The Arnot Art Museum is a world-class institution of fine art located at 235 Lake Street in Elmira, New York, and open Tuesdays through Saturdays from 10am - 5pm. A landmark in downtown Elmira, the Museum is housed in the 1833 neo-classical mansion of John Arnot. His son, Matthias H. Arnot, added a Picture Gallery in the 1880’s and bequeathed his home and collection in 1910 to become the Arnot Art Museum, which opened to the public three years later. The Museum displays a permanent collection of seventeenth- to nineteenth-century European paintings, nineteenth- and twentieth-century American art and collections of Asian and Egyptian artifacts. Temporary exhibitions highlight various aspects of the collections and include works from museums around the world.



THE FOUNDING COLLECTION
The Arnot Collection forms the nucleus of the museum’s permanent collection and represents the taste of a nineteenth–century American collector. It is one of the last remaining private collections formed in the past century still housed in its original showcase. It includes works by seventeenth-century masters: Claude, Murillo, Breughel, de Lorme, Teniers, and van de Velde; nineteenth-century French Salon artists: Breton, Gerome, and Meissonier; and six Barbizon painters: Daubigny, Diaz de la Pena, Jacque, Rousseau, Troyon, and Millet; as well as the Realist, Courbet.



CONTEMPORARY ART
A large 1985 addition by Graham Gund Associates provides additional exhibition galleries, housing major temporary exhibitions from around the world as well as a growing collection of contemporary realist art. The museum holds 20th- and 21st-century artists including Burchfield, Davies, Metcalf, Henri, Assael, Bigbee, Cadmus, Maury, and Nerdrum.



THE AMERICAN COLLECTIONS
The nineteenth-century American collection includes landscapes by Cole, Bierstadt, Cropsey, Richards, Hope, William Hart and James Hart, as well as portraits by Page, Street, Sully, Susan Waters and George Waters.
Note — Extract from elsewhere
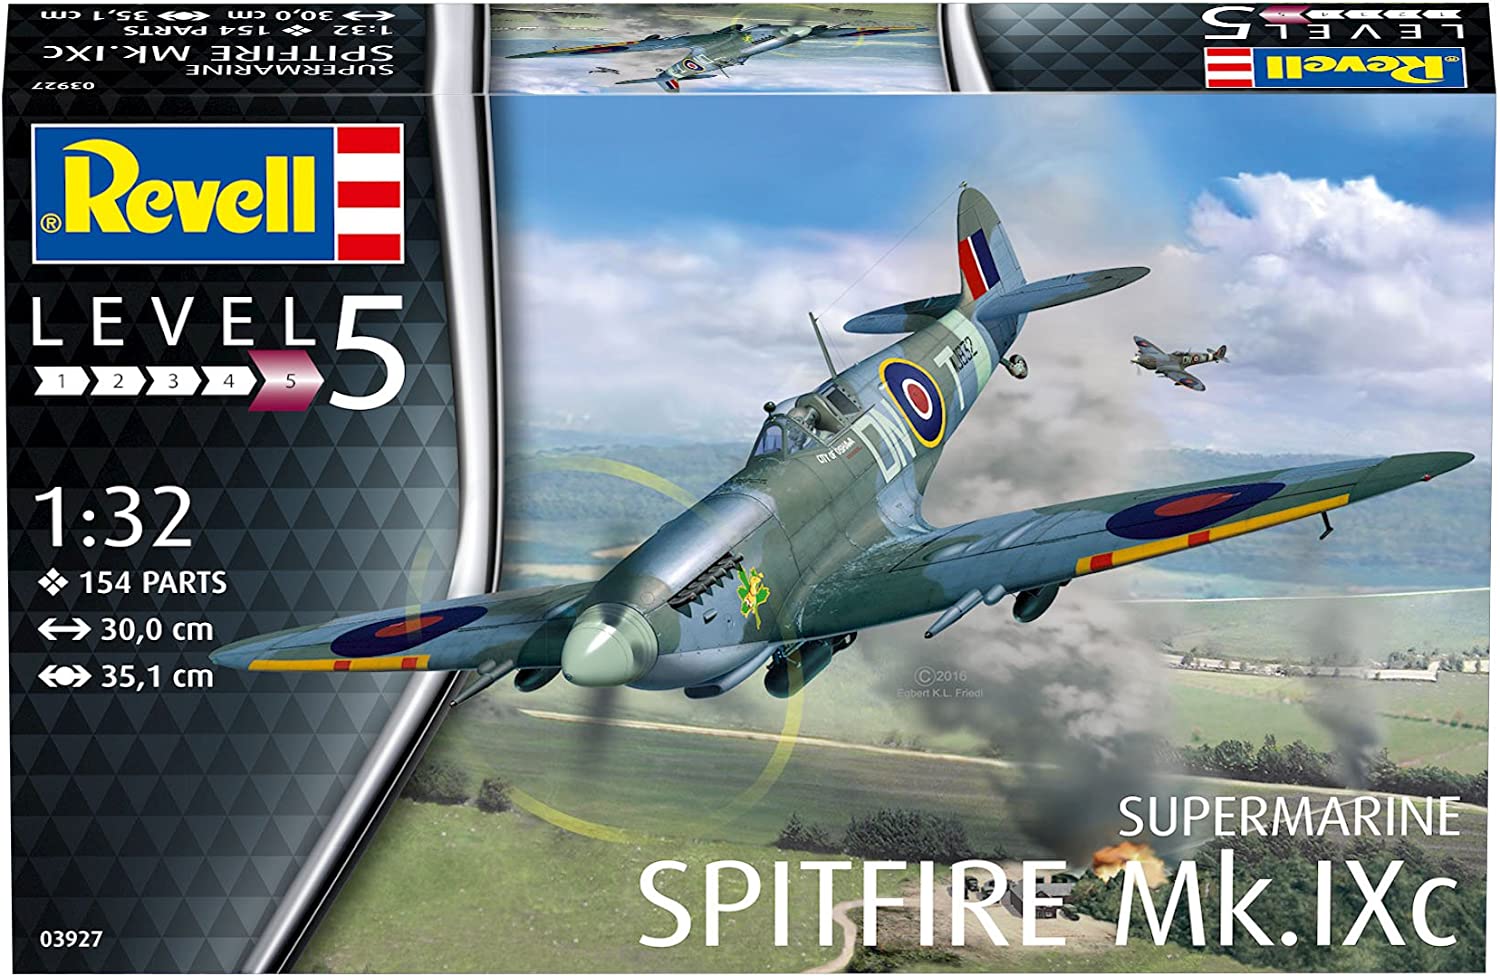 『Spitfire Mk.1 (1/32・レベル/Revell)』のご紹介

A favorite is Waters’ 1881 painting created for his friend Mark Twain, Skating on the Pond. Originally hung at Quarry Farm, the Langdon family home where Twain did much of his writing, the painting is now part of the American Collections. The Museum’s Hudson River School Collection is traditionally on view throughout each Autumn, supporting the Museum’s education programming.